**Recorded information**
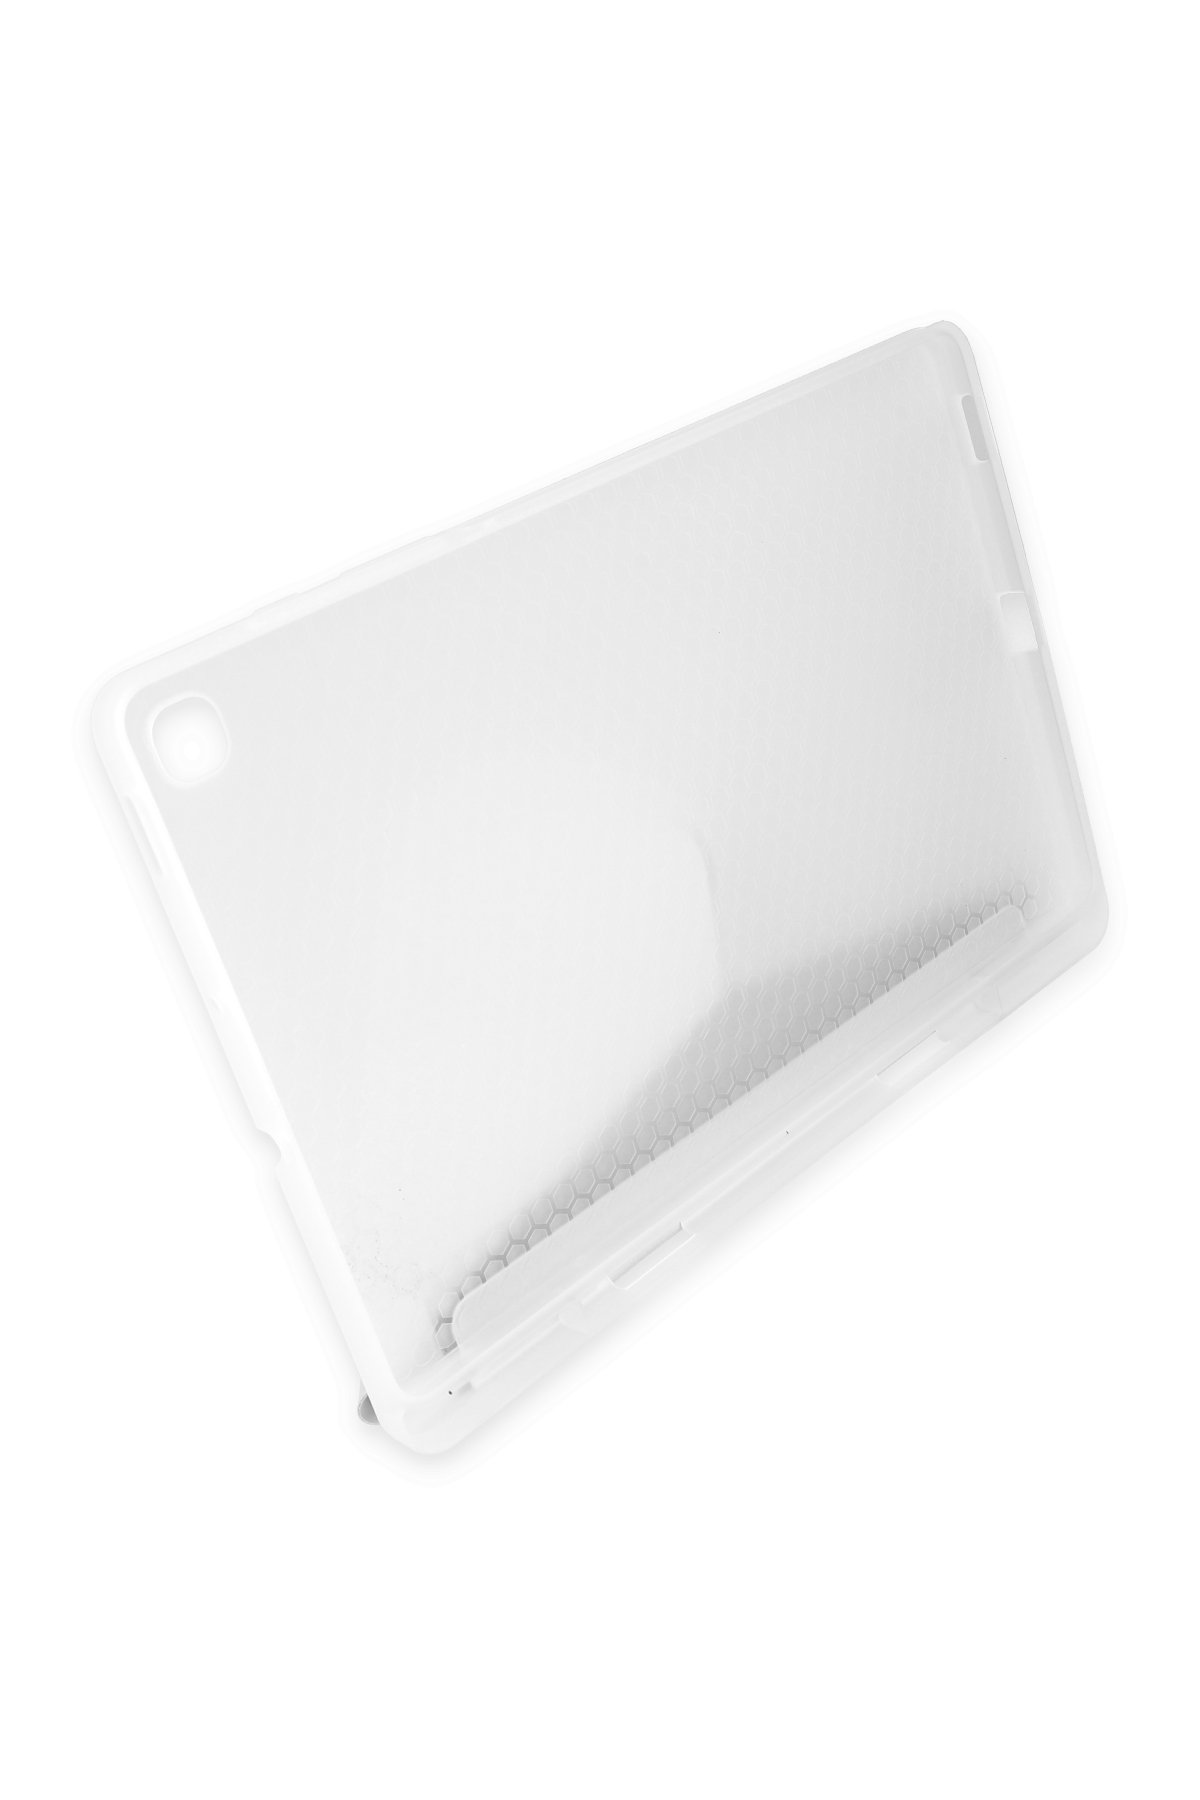 Newface iPad Pro 9.7 Kılıf Anti Şeffaf Tablet Silikon - Şeffaf
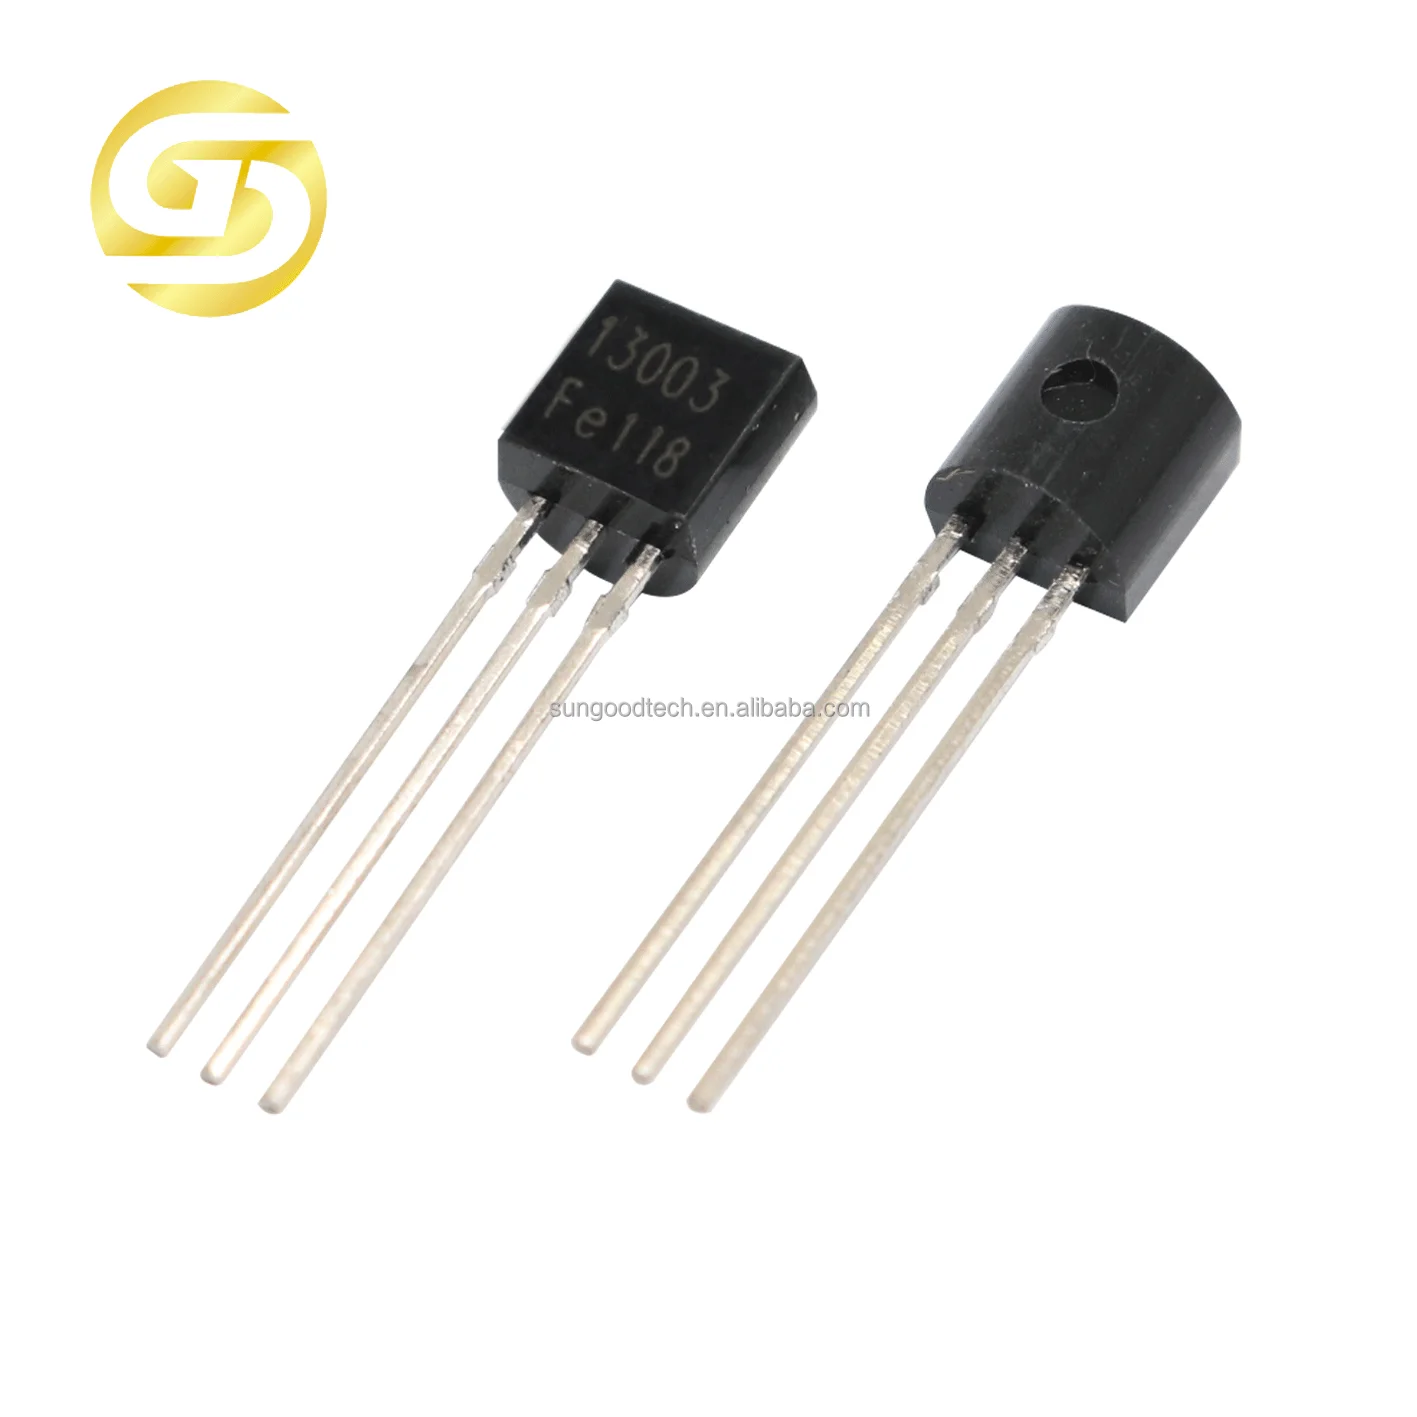 13003 TO-92 NPN Power Transistor 100% Brand New High Quality 1000pcs/bag MJE13003 Large stock
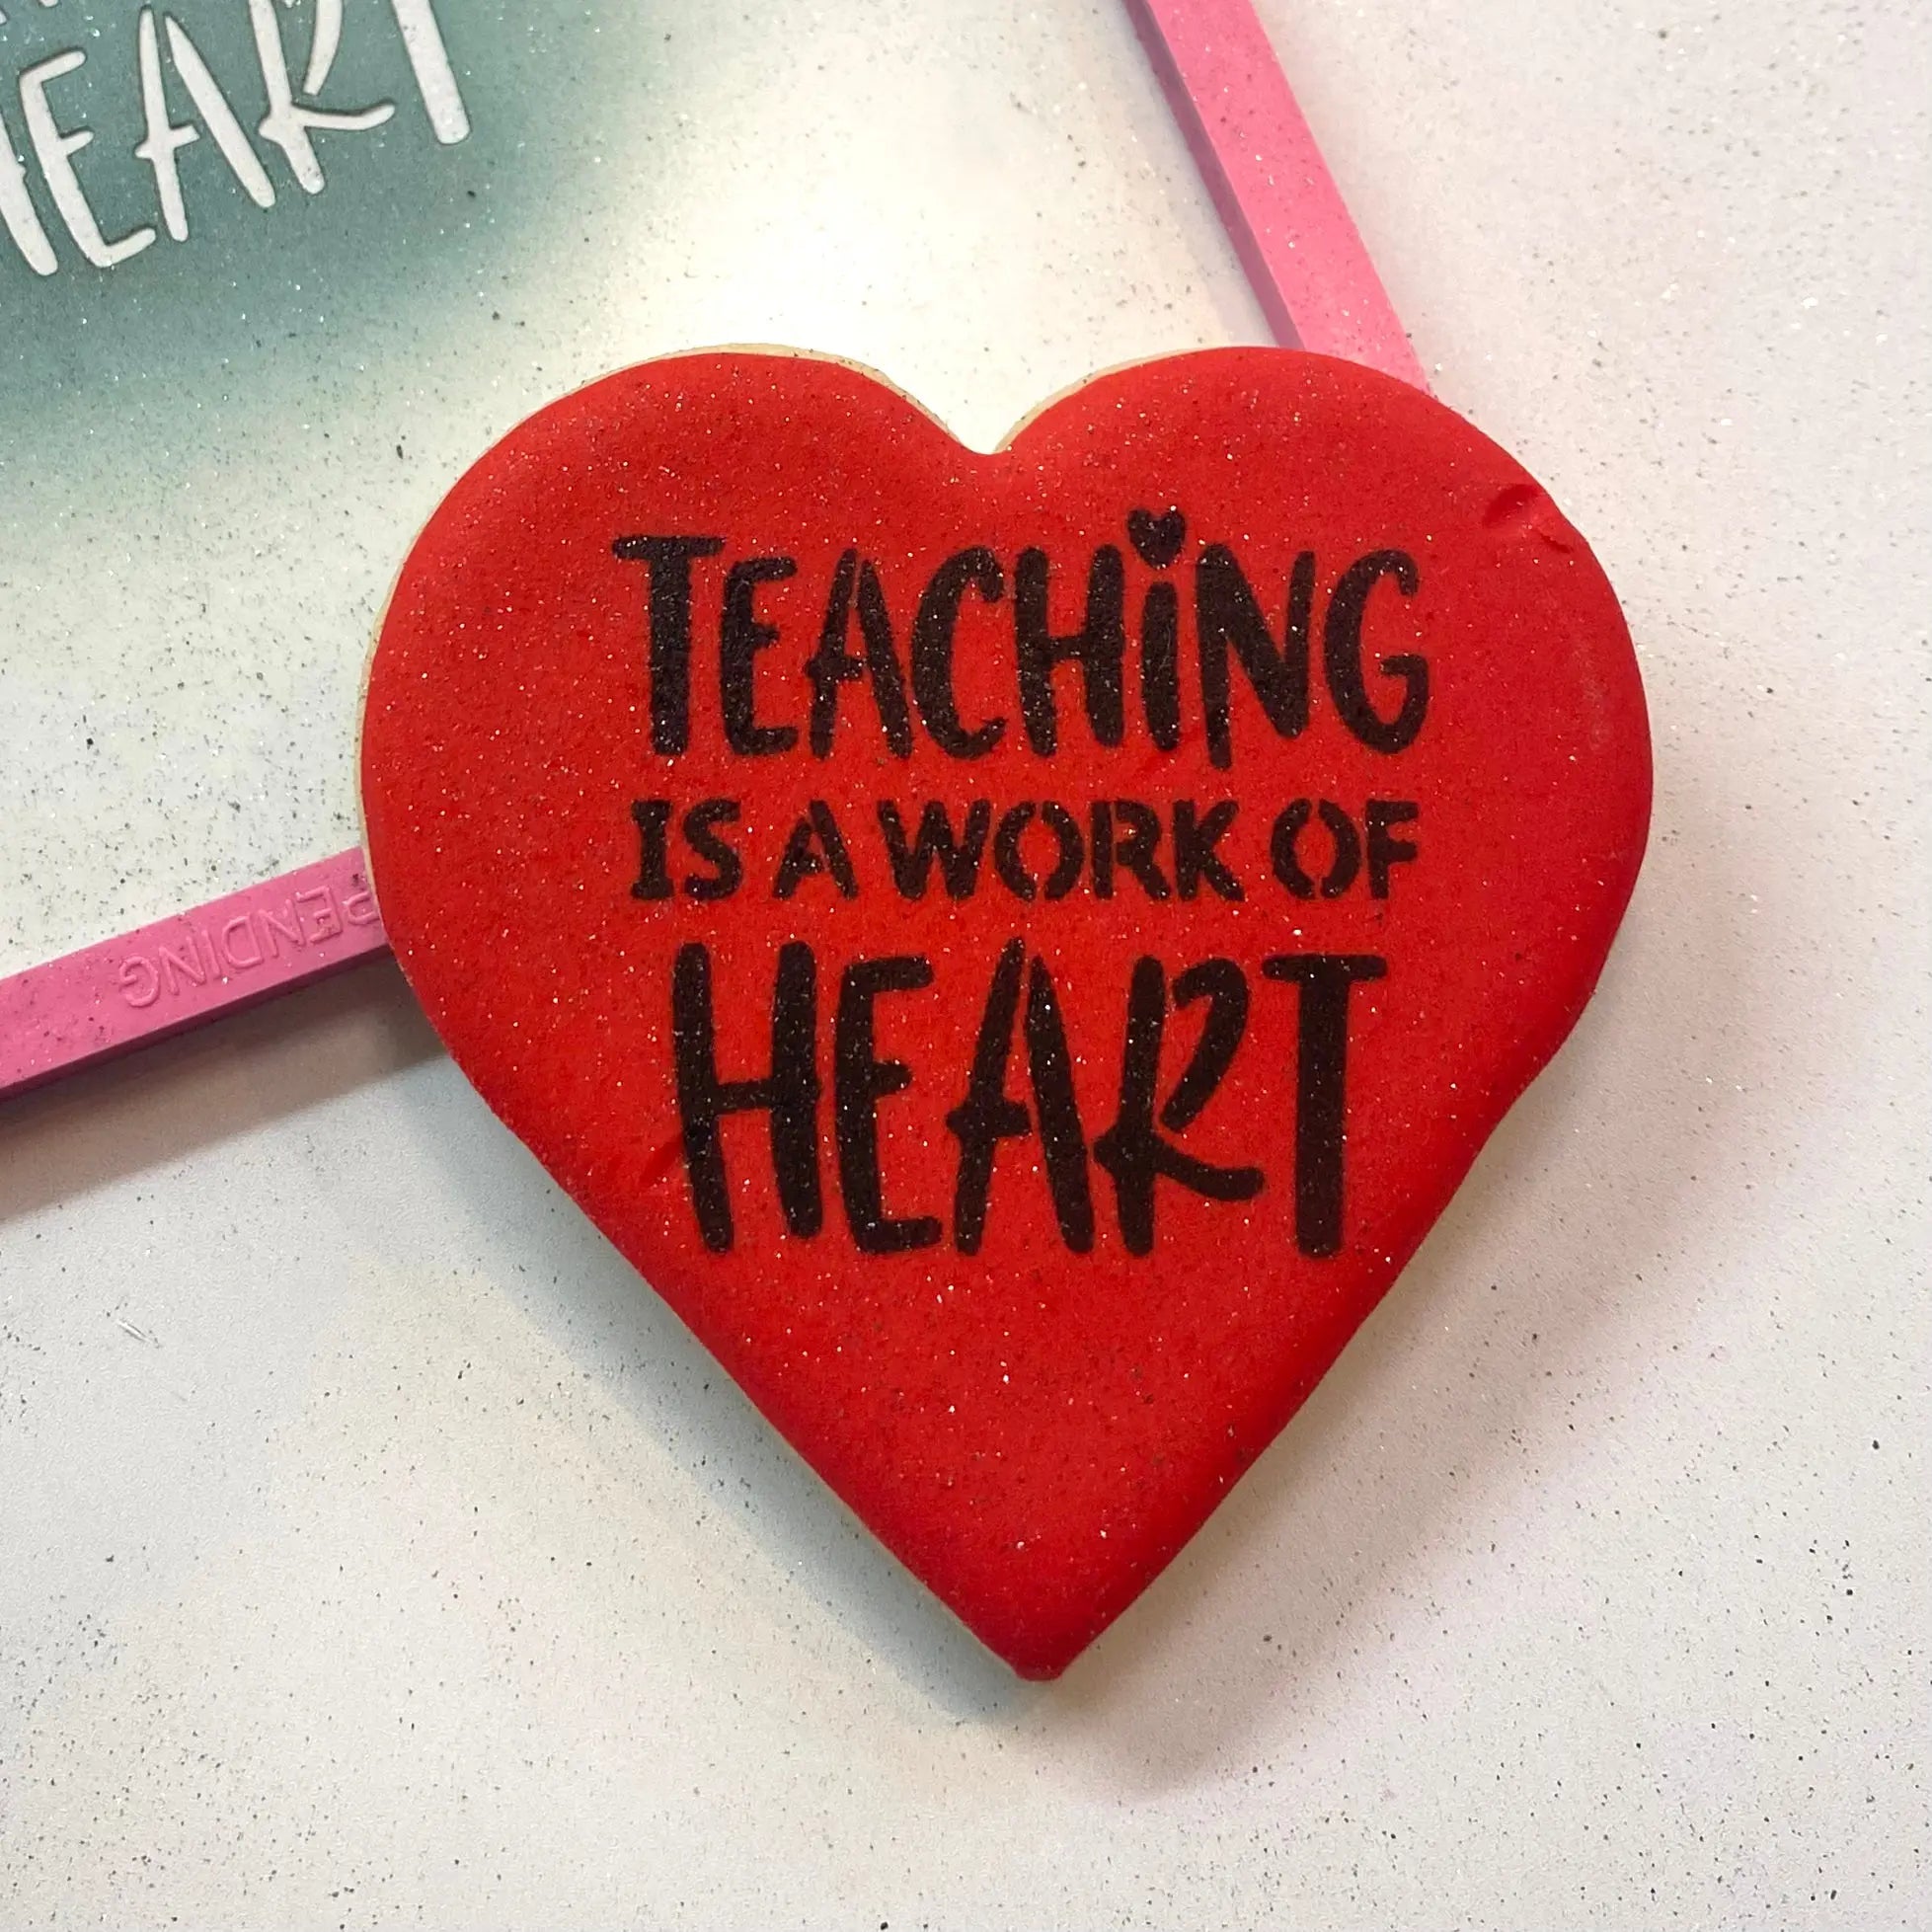 Teaching is a Work of Heart Cookie Stencil bakeartstencil

**Aim of the task**
Give back the material above word for word; no picture belongs in it.

**Answer for this exercise**
 Newface iPad Pro 9.7 Kılıf Anti Şeffaf Tablet Silikon - Şeffaf
 13003 TO-92 NPN Power Transistor 100% Brand New High Quality 1000pcs/bag MJE13003 Large stock
 Teaching is a Work of Heart Cookie Stencil bakeartstencil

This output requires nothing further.